From the above discussion about the segmentation of the market, it is clear that the suitable and more attractive market segments are age base market segmentation (Kotler et al. 2006, p. 79). The proposed energy gym must target people of an age limit from 18 to 40. The reason behind choosing this segment will be judged according to the three factors of segment attractiveness.

  • Potential competitors: most of the potential competitors have no concentration on the age differentiated fitness program. For this, targeting a segment based on the age limit can be an attractive market segment. Potential competitors have no specialty for an age group so having specialty over an age group will ensure the consumer thinking that this gymnasium is designed only for them who has specialized expertise.
  • The relative power of the customers: The energy gym users are not priced sensitive and they will go with the gym though the service charge is higher so they have less control over price. Besides, people of the segmented age limits have the ways and possibilities to earn more money. Therefore, they have extra money to spend on gym works.
  • The relative power of the suppliers: he suppliers of the gym equipment have less power over the gyms and the gym has control over the suppliers because the price of the equipment is the same for every supplier and thus to buy equipment from a supplier has no extra benefit than to buy from other.

Assessing the above three criteria, the attractiveness of the segment is justified and it becomes clear that segmenting based on the age limit is not only attractive but also effective for the energy gym.

Proposed positioning strategy

To assess the proposed positioning strategy, perceptual mapping is a widely used tool in strategic marketing management (Anon 2009, p.1-7).

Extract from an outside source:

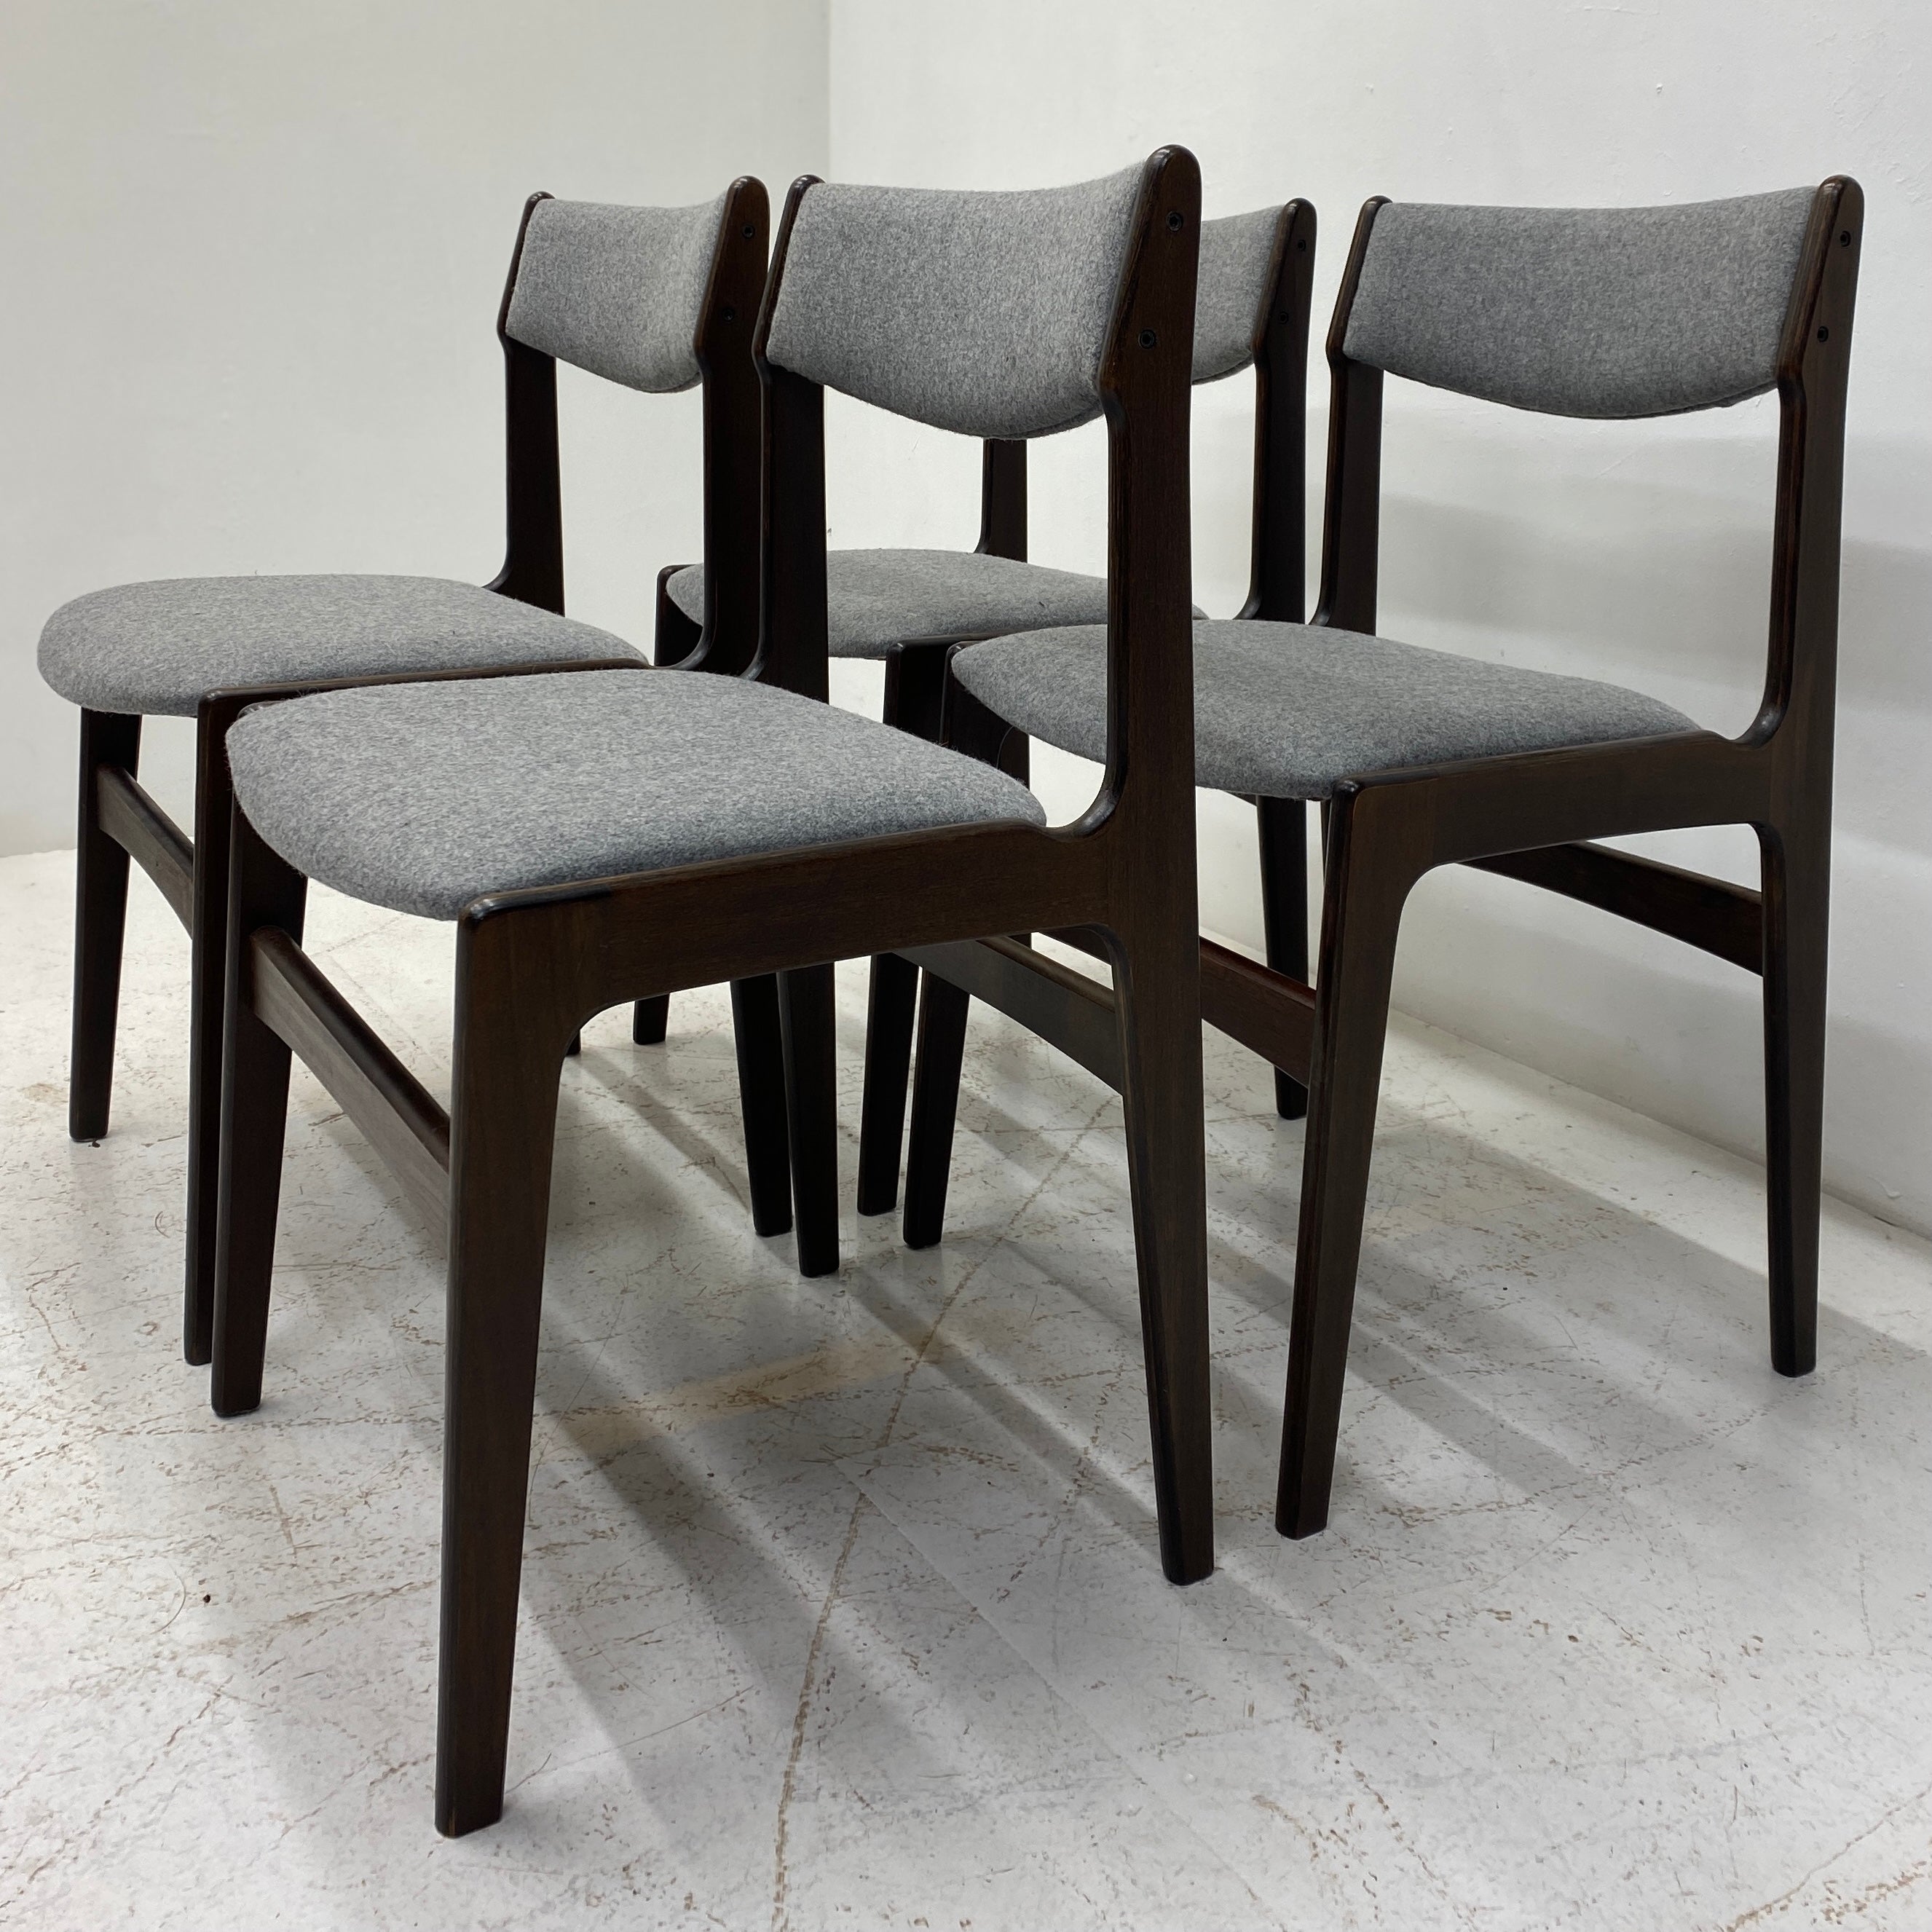 Side Of Erik Buch Dining Chairs Danish

Here the energy gym industry has many dimensions based on which the perceptual mapping of the consumers can be drawn.

Perceptual mapping based on equipment availability and quality of trainers
Figure: Perceptual mapping based on equipment availability and quality of trainers [self-generated]
Here two dimensions have been taken to draw a perceptual map. These two dimensions are the equipment availability and the quality of training.

Another map can be drawn taking another two-dimension- Brand awareness and price.

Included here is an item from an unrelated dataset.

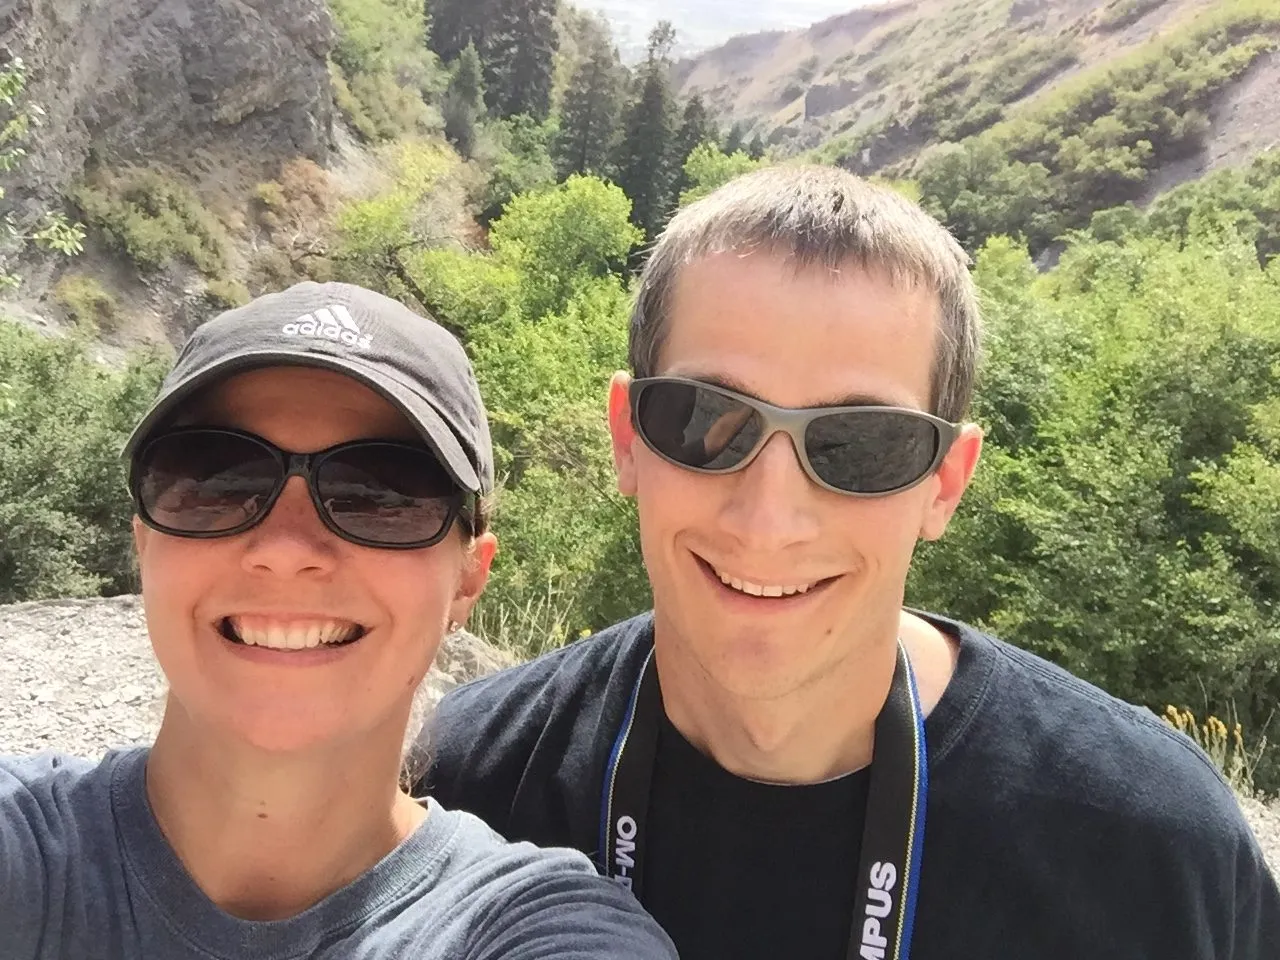 Keith and Lindsey taking a selfie while on a hike

Perceptual mapping based on price and brand awareness
Figure: Perceptual mapping based on price and brand awareness [self-generated]

Conclusion

Consumers are the key strength for a company. Just to acquire consumer’s satisfaction should be the major concentration for the company. In the gymnasium industry, the industry boom has expected to be occurring. Therefore, a new gym must take the proper segmentation and proper positioning strategies effectively.

References

Anon. 2008. Come Alive Gymnasium. [Online]. Web.

Anon. 2009. Perceptual Mapping. [pdf]. Web.

Dollery, B & Worthington, A. 1996. A note on political factors in federal fiscal arrangements in Australia. Economic Papers 15(4):pp. 81-87., [Online]. 2009. Web.

Fairfax Digital. 2003. “A pointless exercise”. The Sydney Morning Herald. [Online]. 2009. Web.

IPIN. 2008. Economic Factors in Australia. [Online]. Web.

Kotler, P. & Keller, K. L., 2006. Marketing management. 12th ed. New Jersey: Pearson Prentice Hall.

Kotler, P., Wong, V., Saunders, J. & Armstrong, B. 2006. Principles of Marketing. 11th Ed. New Delhi: Prentice-Hall of India Private Limited.

Local Fitness Pty Ltd. 2009. Body World Balaclava Gym. [online] Web.

Local Fitness Pty Ltd. 2009. Muscle & Body Shape Gym Prahran. [online] Web.

SDSU. 2009. Consumer behaviour. [Online]. Web.